TRY IT.
Please give back each line of the material unchanged, but without the images.

INFORMATION SHOWN.
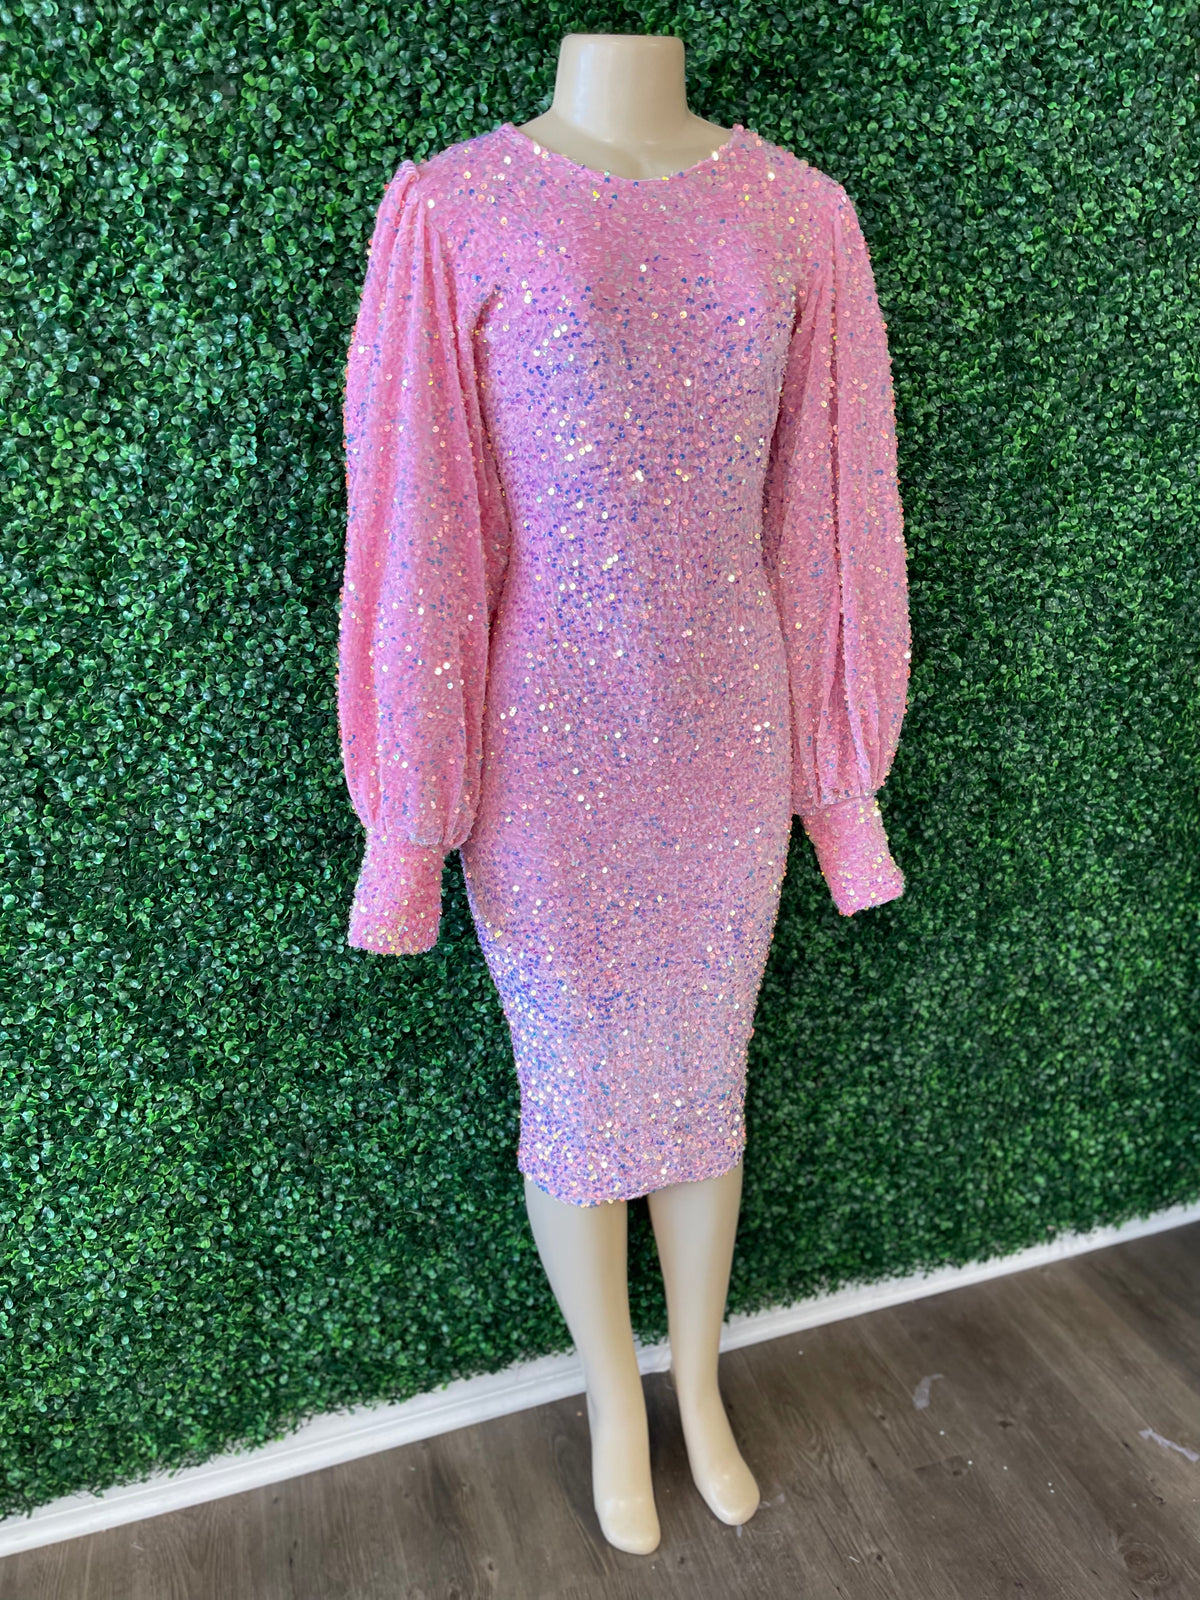 Bubble gum sequin dress
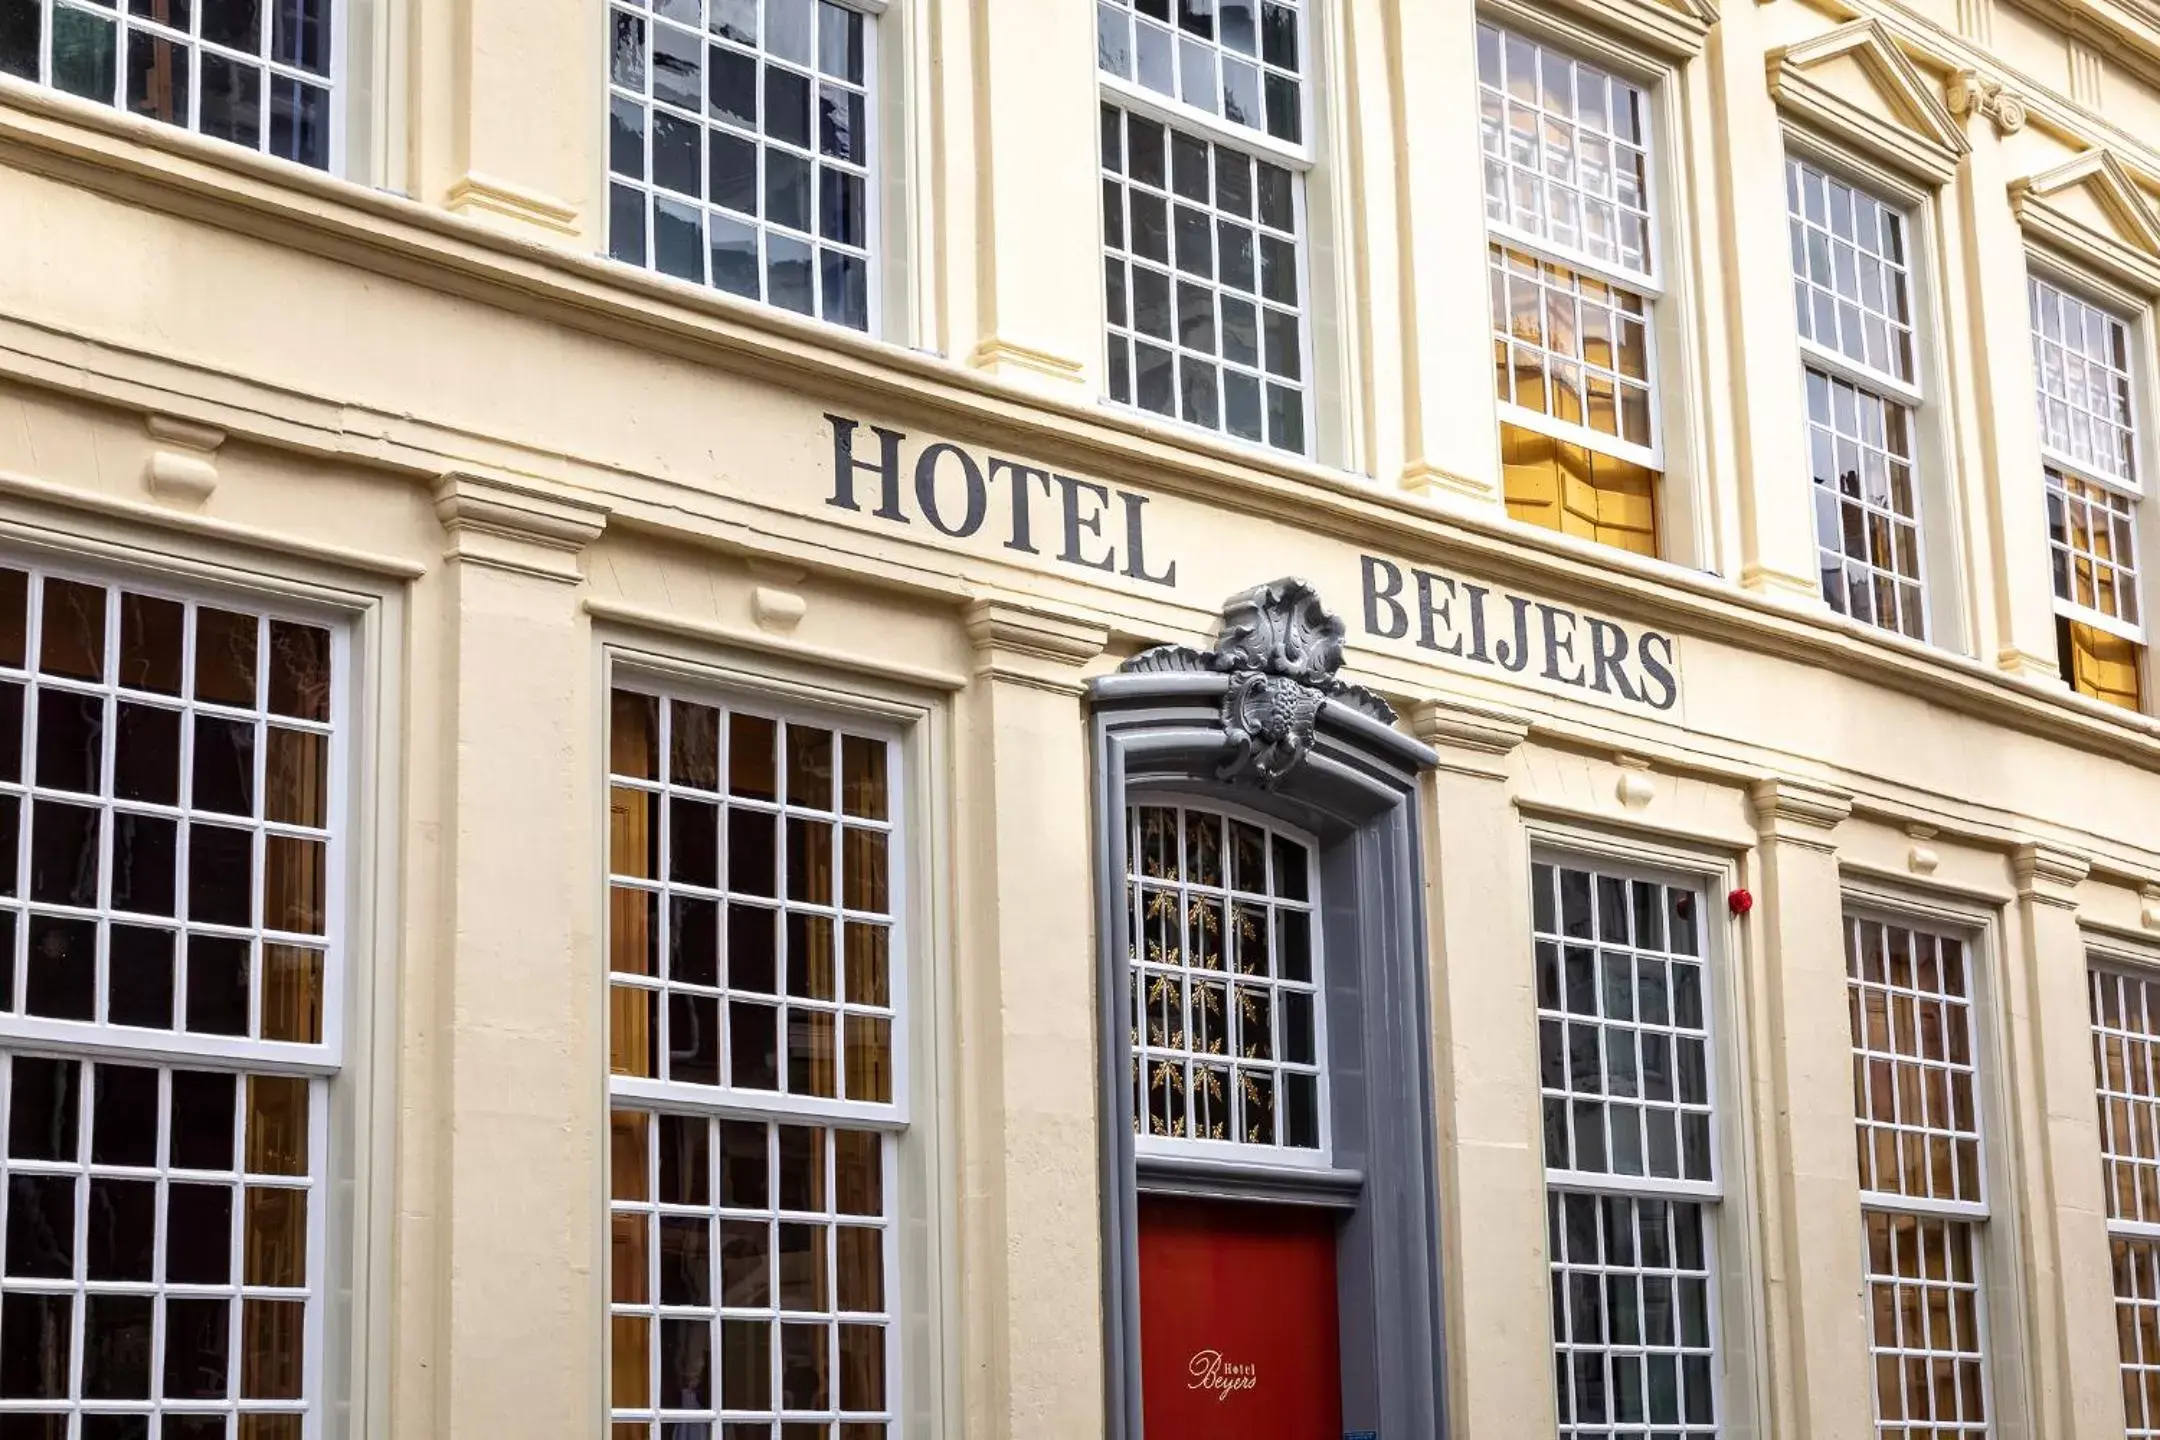 Property Building in Hotel Beijers
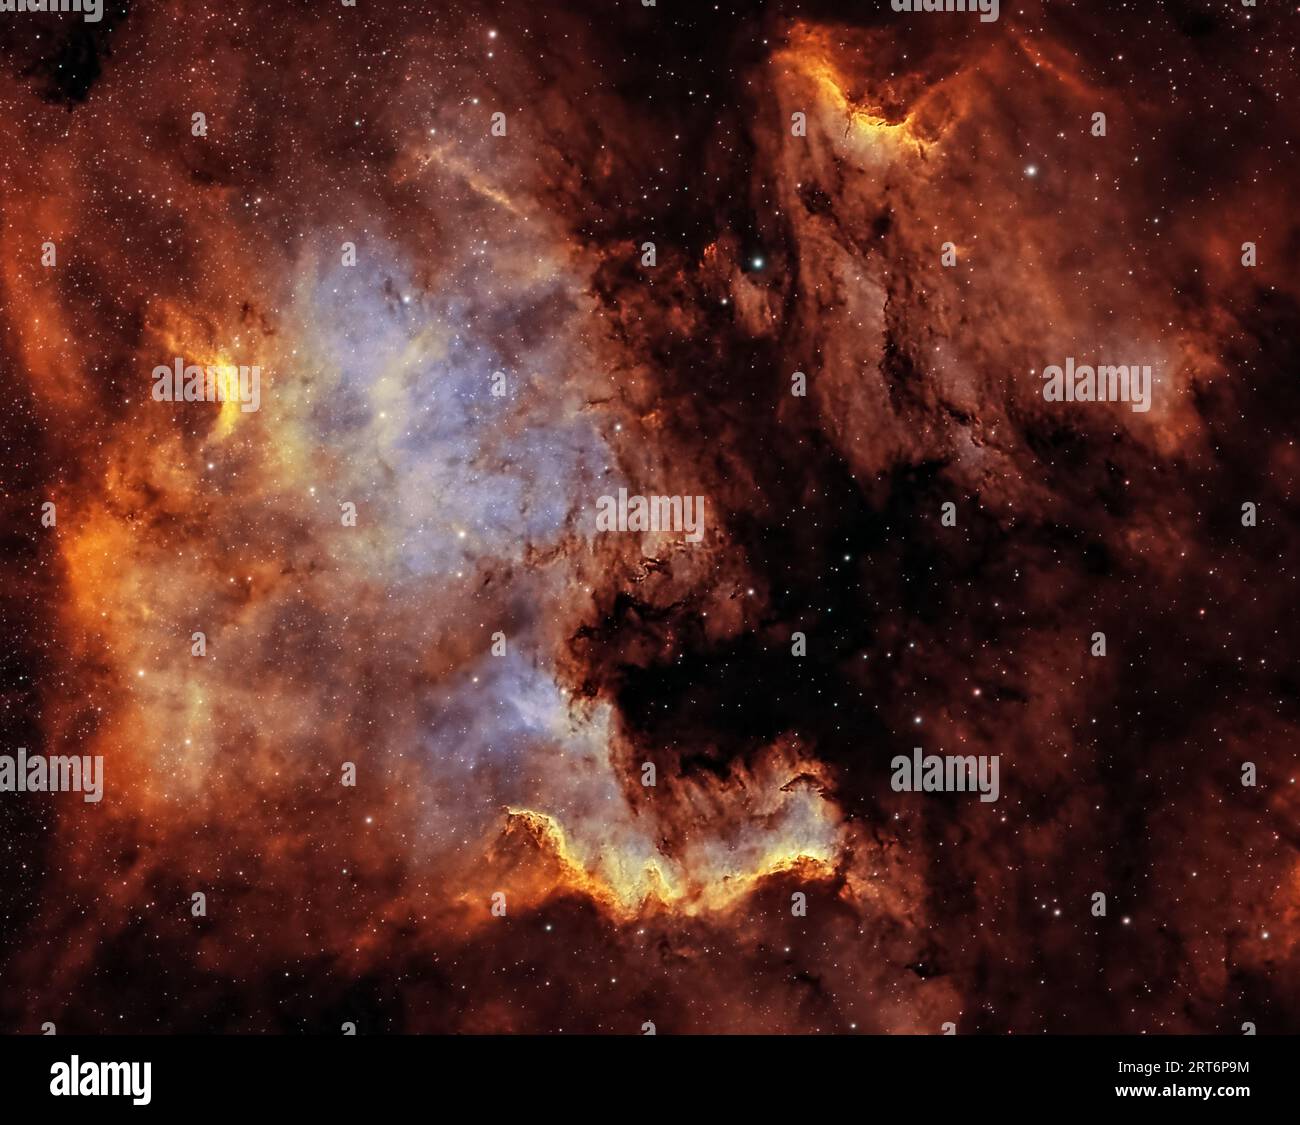 Ammira il Nord America e Pelican Nebulae, un affascinante duo celeste. Queste intricate nubi di gas e polvere, annidate nella costellazione del Cigno. Foto Stock

WRITTEN ANSWER.
 Bubble gum sequin dress
 Property Building in Hotel Beijers
 Ammira il Nord America e Pelican Nebulae, un affascinante duo celeste. Queste intricate nubi di gas e polvere, annidate nella costellazione del Cigno. Foto Stock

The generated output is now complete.